Where’s it on? Cinemas nationwide
In its ice-cream sundae colour pops and street-level attitude, this 75-minute documentary measures up nicely against Sean Baker films like Tangerine (2015) and The Florida Project (2017). The eponymous Shabu is a 14-year-old wannabe rapper living on the Peperklip estate in Rotterdam. He’s wrecked his grandma’s car after taking it for a joyride and now has to try to raise the money he owes her before she gets back from Suriname. Following his hustle all summer long and culminating in a huge block party, Shamira Raphaëla’s film is a joyful ode to a cheeky chancer. It bursts with life and energy.
The Bedroom Window (1987)
Where’s it on? Talking Pictures TV, Saturday, 9.30pm
The Bedroom Window is a relic from the days when Steve Guttenberg was a major movie star and erotic thrillers ruled the box office. Improbably, it throws together the Police Academy actor with a young Isabelle Huppert. He’s a business exec, she’s the boss’s wife, and the Hitchcockian set-up sees the philandering pair lying to the police out of self-interest after witnessing a woman being attacked in the street below Guttenberg’s window.

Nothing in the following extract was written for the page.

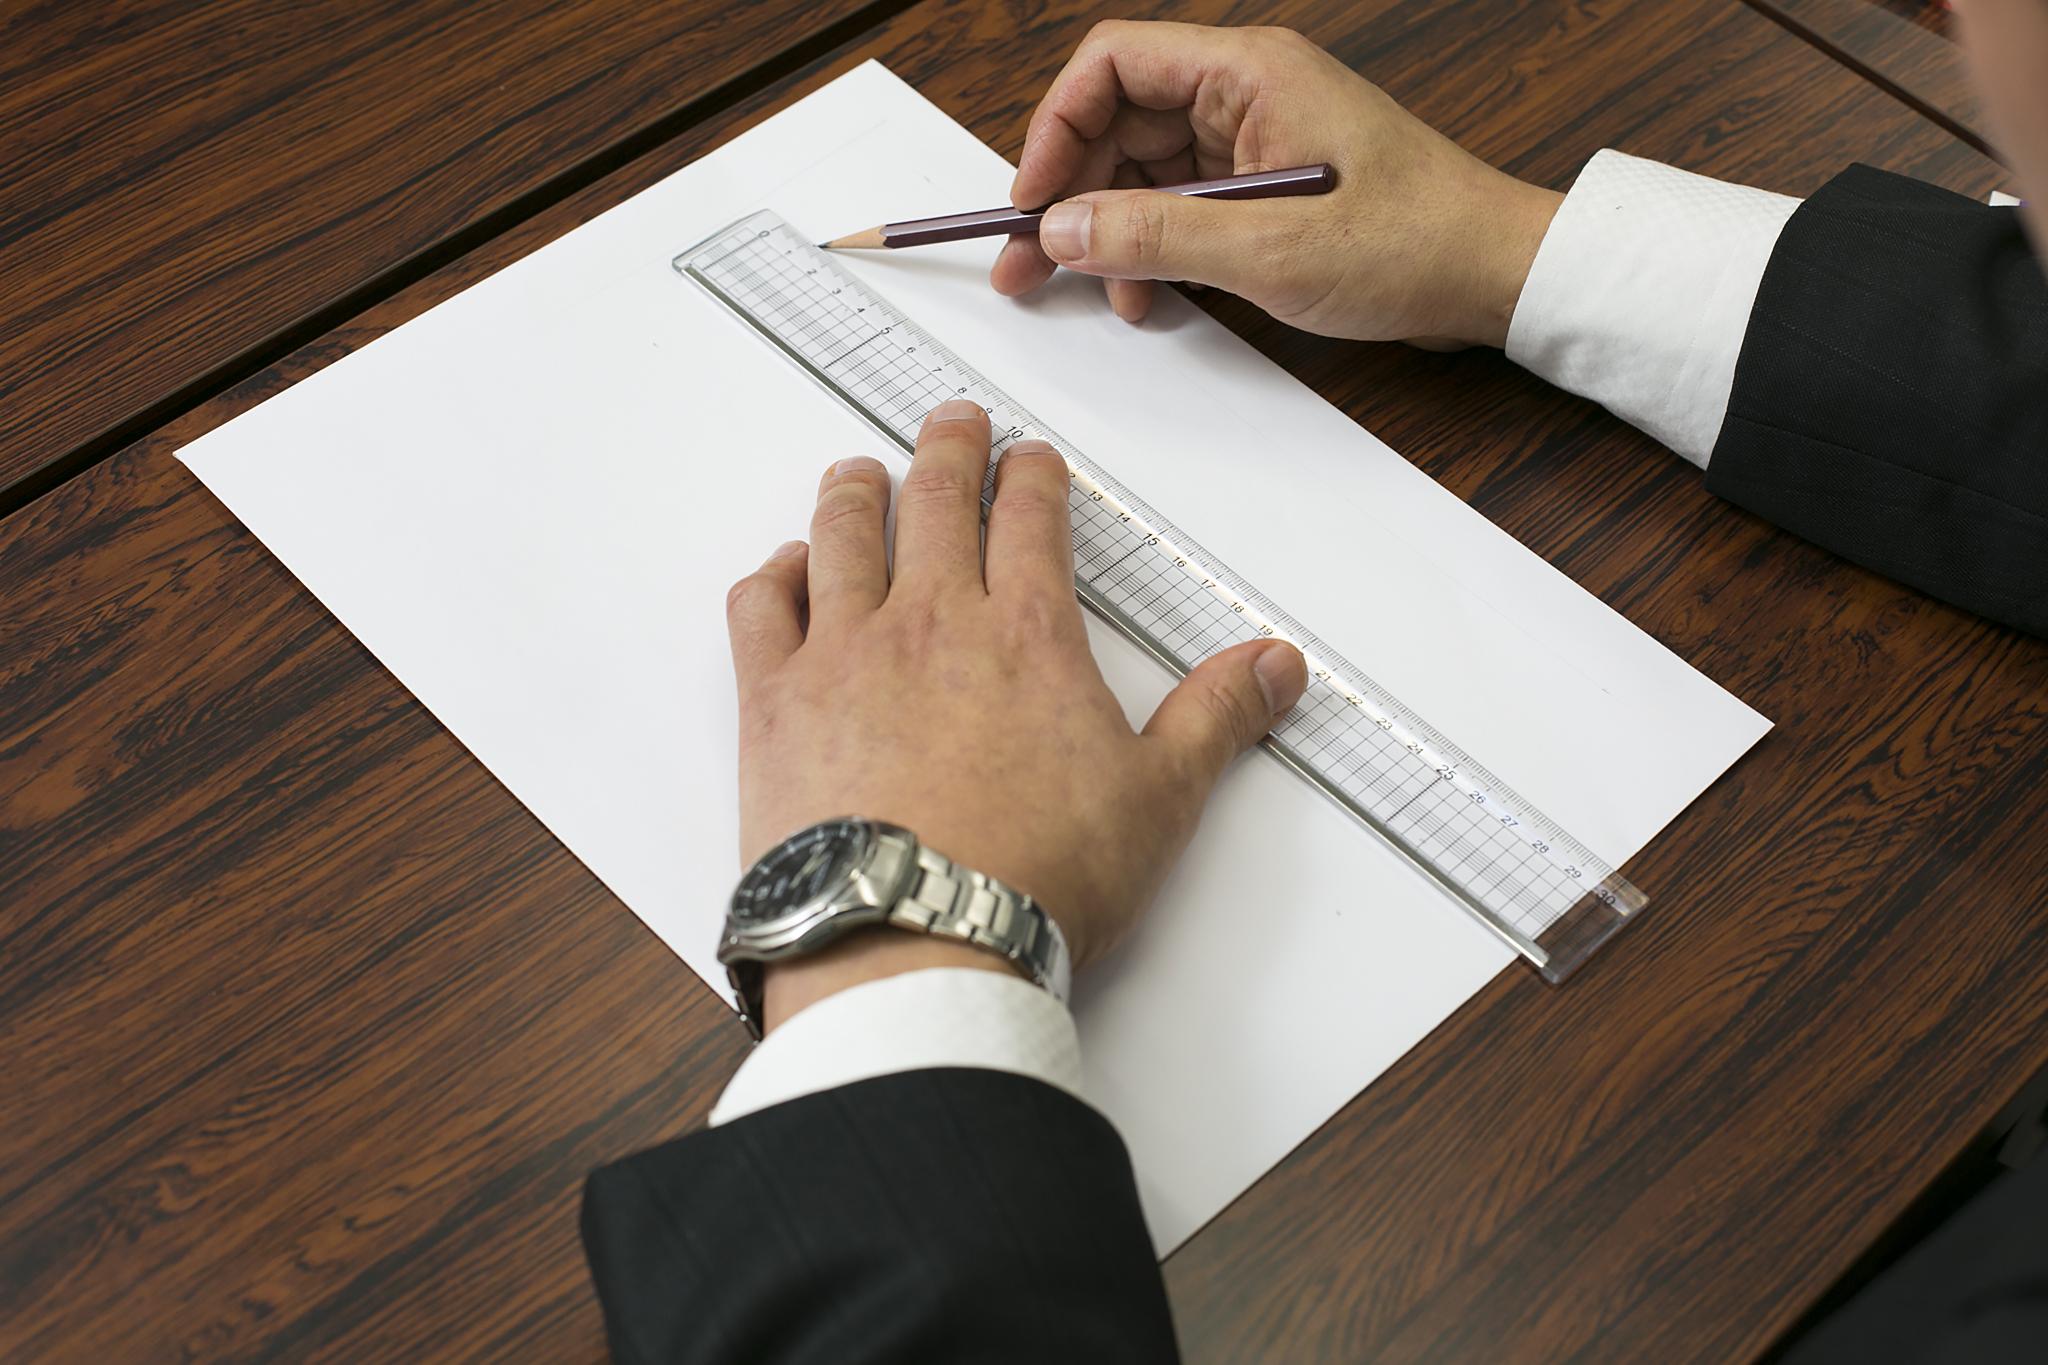 定規を使ってまっすぐに文字を書いている画像
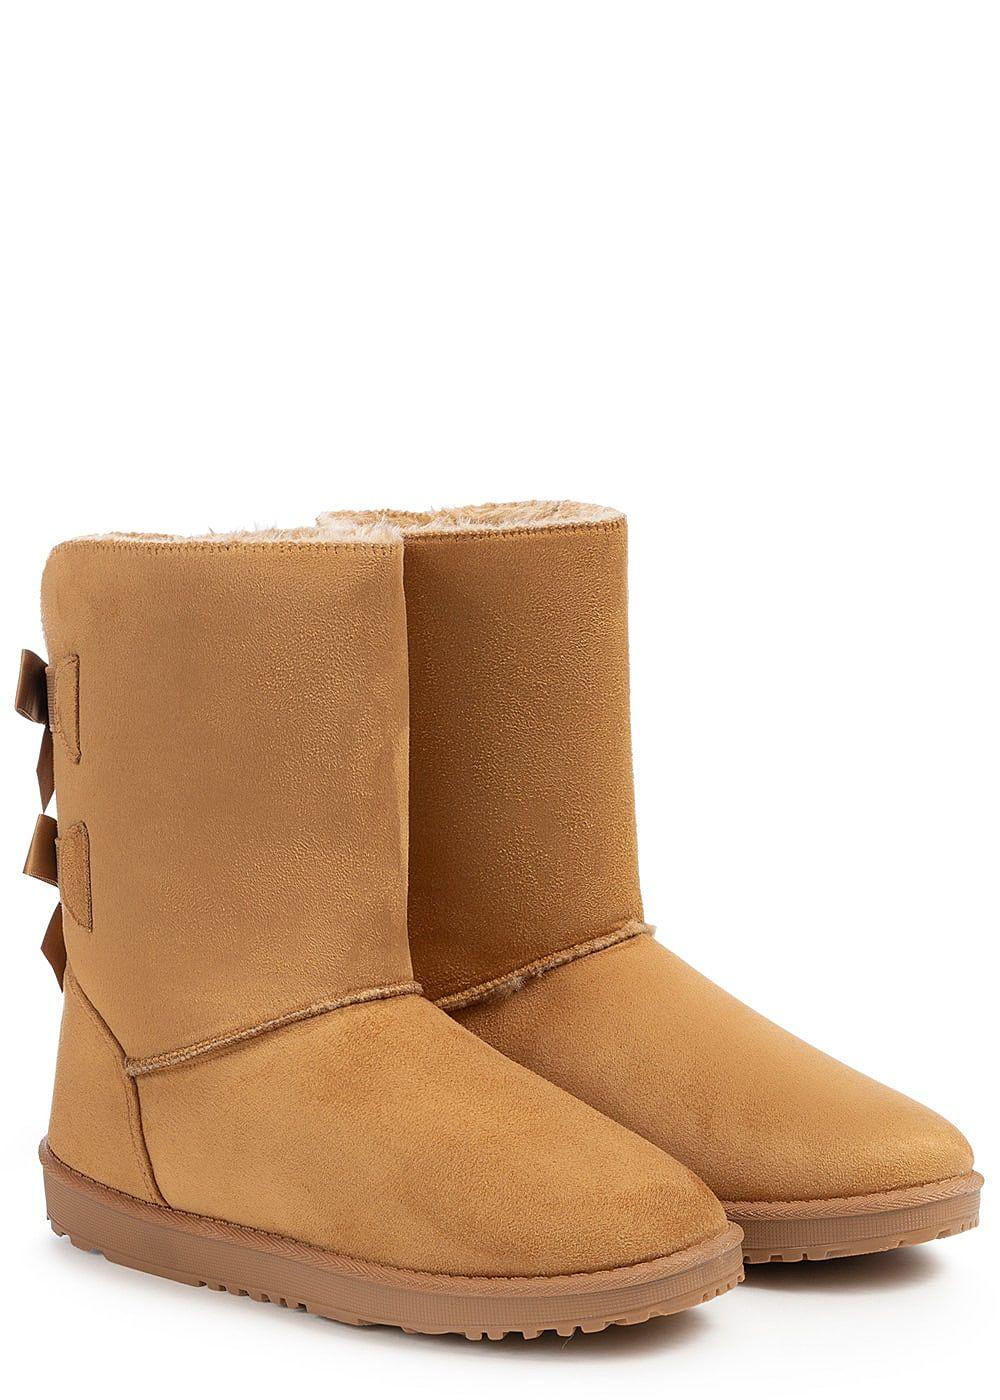 51cc43637a0c4e Seventyseven Lifestyle Damen Schuh Winter Boots Schleifen Kunstleder ...

The plot that unravels is as flimsy as a pair of net curtains, but these 1980s ‘yuppie nightmare’ films are always difficult to say no to. The director is Curtis Hanson, a decade before his L.A. Confidential (1997).
The Land (1969)
Where’s it on? BFI Player
Set in the Nile Delta in the 1930s, this classic land-rights drama is a great epic of the soil. When a landowner denies tenant farmers access to water for their crops, the disenfranchised form a collective to pursue a legal claim but soon find that solidarity among their number doesn’t come easily. Never far from lists of the best Egyptian films, The Land is a masterpiece by the celebrated auteur Youssef Chahine, made at the peak of his artistic powers. It’s one of seven Chahine films that have arrived on BFI Player this week to complement the season of his work at BFI Southbank.
The Skeleton Dance (1929)
Where’s it on? Disney+
Starting today, Disney+ is celebrating the Disney centenary by dropping 27 new restorations of their early cartoon shorts on the streaming channel. The films will be added in monthly batches between now and October, with July’s haul including The Skeleton Dance (1929), Building a Building (1933), Bath Day (1946), Figaro and Frankie (1947), Goofy Gymnastics (1949) and Aquamania (1961). Start with The Skeleton Dance, six minutes of inventive spookiness in which the stroke of midnight brings four skeletons to life for some witching-hour hijinks. It was the first in Disney’s classic series of Silly Symphonies.
Name Me Lawand (2022)
This compassionate documentary follows the plight of a young Kurdish boy who was born deaf to hearing parents. After making the dangerous journey from Iraq to the UK, the family begins to make a home for themselves in Derby. At the Royal School for the Deaf, Lawand meets people who understand him. For the first time, as he learns British Sign Language, he finds a way to express himself. Using immersive visual and sonic techniques, Edward Lovelace’s film tracks this process of self-actualisation, but also the fraught drama of the family’s impending deportation.